我们在那片又湿又黏的泥地上艰难地前进。不仅如此,还要遵守维德科恩德的命令,不能踩到那串脚印。我们终于到了离烛光几米远的地方。但是呈现在我面前的场景完全超出了我的想象力。
我们发现艾美莉正跪在地上,跪在一具年轻女孩子的尸体前面,她正在哭泣。那具尸体仰面躺在地上,身上盖着少许泥土。一把厨房用刀插在尸体的胸口上。在尸体的旁边是一圈三十六根点亮的蜡烛。在那一瞬间,我搞不清楚到底发生了什么。但是很快,我注意到了各种细节。在我们的周围,很大一片土地都是光秃秃的。经过白天的几次骤雨之后,地面上原有的痕迹都被抹去了,只有刚才艾美莉所留下的脚印。那个死去的女孩子金色头发,嘴角上有一粒很明显的美人痣。她很显然就是那个前天失踪的女孩子安娜伊斯·查尔斯(后来的调查也证实了她的身份)。她脸上僵硬的表情证明她已经死了一段时间了。
“我……我没有杀人……”艾美莉转头向我们申诉说,她的脸上满是泪痕,“我……我没有杀人……”
我们面前的强烈反差是很难描述,也很难让人理解的:那是阴森恐怖,凄惨悲痛和动情的混合体。两个漂亮的女孩子,被不幸所联系在了一起。她们就像是一对姐妹,一个浑身颤抖痛哭失声,另一个直挺挺地躺着一动不动。这个画面既精致又平淡:两个女孩子都穿着漂亮的衣裙,一个是紫色,另一个是蓝色;色泽都很淡雅,很和谐。她们的身影和脚下泥泞的红土地形成了鲜明的对比。

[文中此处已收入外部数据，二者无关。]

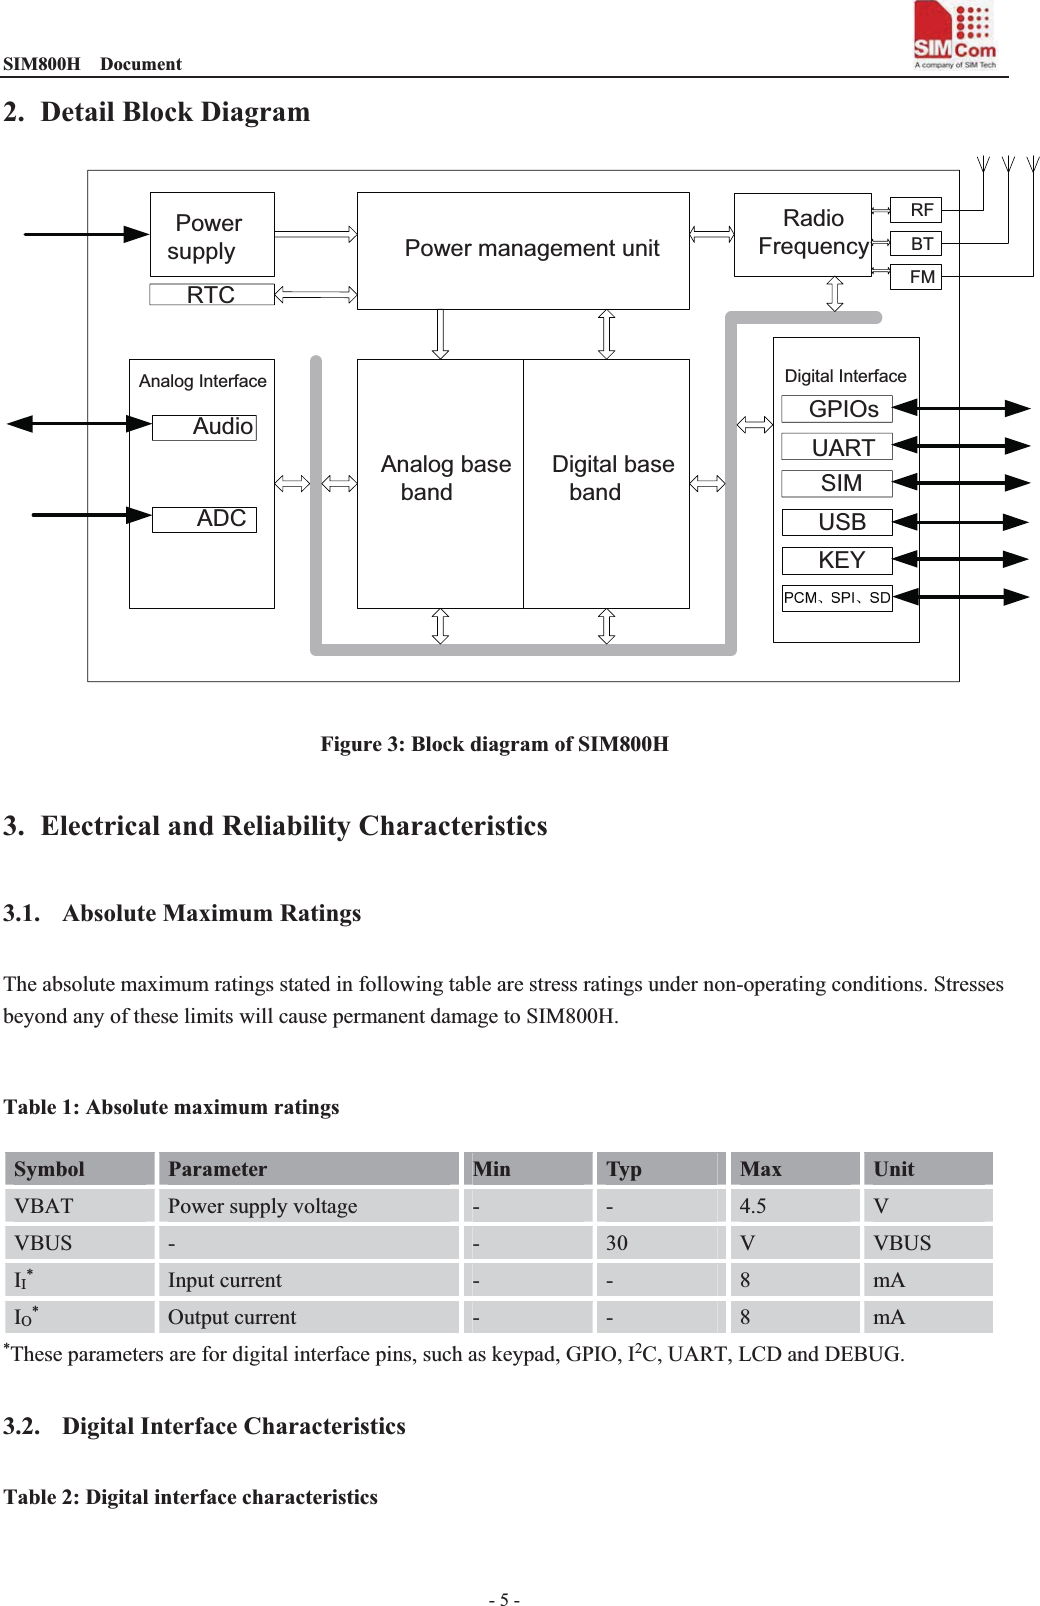 SIM800H  Document                                                                                - 5 - 2. Detail Block Diagram Analog base bandDigital base bandPower management unitRadio FrequencyPowersupplyAnalog Interface Digital InterfaceUARTSIMGPIOsRTCAudioADCRFBTFMUSBKEY Figure 3: Block diagram of SIM800H  3. Electrical and Reliability Characteristics 3.1. Absolute Maximum Ratings The absolute maximum ratings stated in following table are stress ratings under non-operating conditions. Stresses beyond any of these limits will cause permanent damage to SIM800H.  Table 1: Absolute maximum ratings Symbol Parameter Min Typ  Max Unit VBAT  Power supply voltage  -  -  4.5  V VBUS  -  -  30  V  VBUS II* Input current  -  -  8  mA IO* Output current  -  -  8  mA *These parameters are for digital interface pins, such as keypad, GPIO, I2C, UART, LCD and DEBUG. 3.2. Digital Interface Characteristics Table 2: Digital interface characteristicsȱ
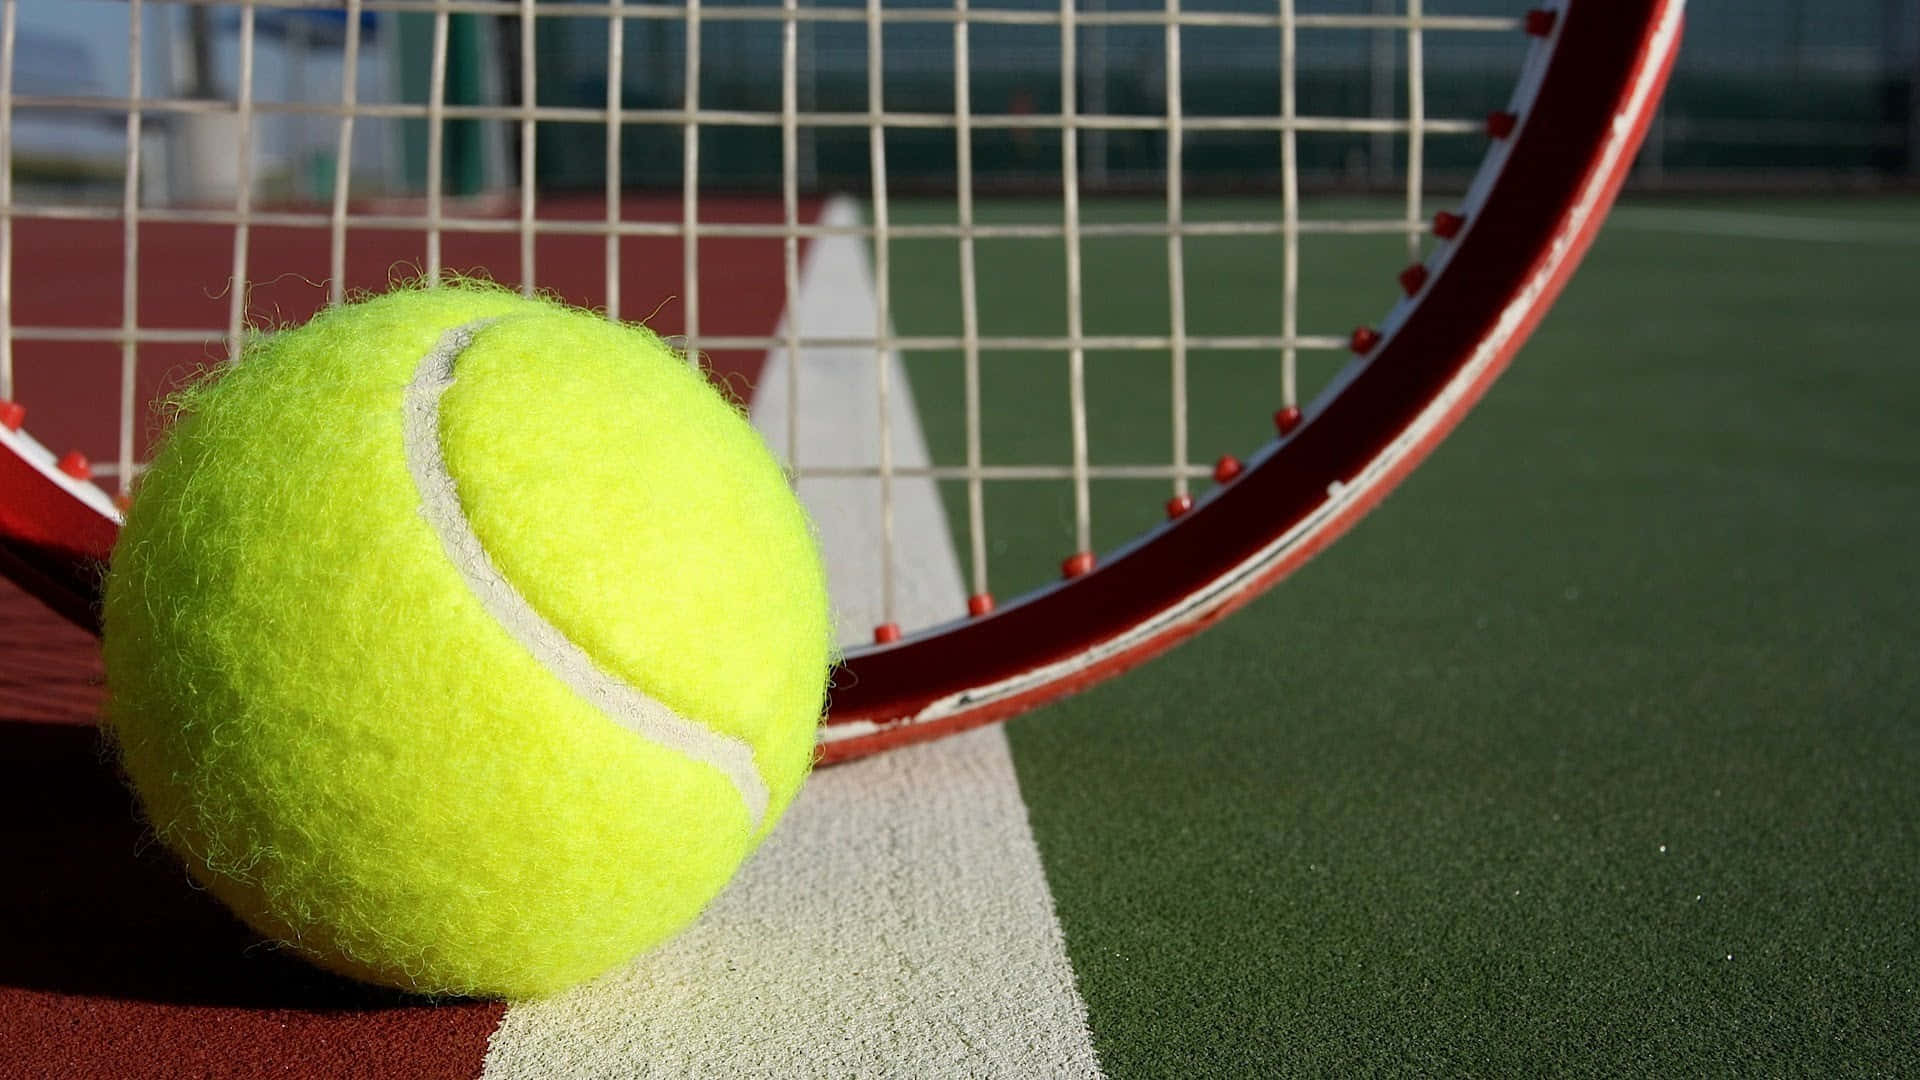 HD Tennis Ball Leaning On Racket Background

“我相信您,艾美莉,我相信。”欧文走过去用劝慰的口气说,“是您点亮了这些蜡烛吗?”
“不,不是我……”
“肯定是,肯定是您。”维德科恩德警官耐着性子说。“除了您还能有谁!这些蜡烛都是刚点燃不久,而且周围没有任何脚印……”
“不是我,”艾美莉哽咽着说,“真的不是我,我向您保证……我从远处就看到了烛光……您瞧,这些蜡烛已经烧得很短了……”
“真是不可思议。”欧文思索着说,“等等……看,这里正好是三十六根蜡烛。三十六这个数字和位于哈利卡纳素斯的毛索洛斯墓庙里的廊柱的数量一样。不用说了,我们的凶手这一次干得比以往都要出色,他的最后一个奇迹真不一般!他完成了所有的承诺:安娜伊斯·查尔斯体面地下葬了,在准确的时间和准确的地点!而我们的防范措施都白费了!您不觉得他很了不起吗,警官先生?我们应当向这样的犯罪杰作致敬!请注意,在以往的案情中,凶手的主要特点是在现场找不到任何脚印或者其他痕迹,给我们的感觉是凶手是一个带翅膀的生物。但是在这一次犯罪中,‘不可能’的表现方式不一样了:让人称奇的不是谋杀本身,因为受害者已经死去很久了;重点在于这三十六根蜡烛,它们代表了宏大的葬礼,完全配得上古代中亚的传奇国王!这些蜡烛看起来已经燃烧了一段时间了,但是没有脚印能证明是有人来点燃了蜡烛!这一手儿太漂亮了!”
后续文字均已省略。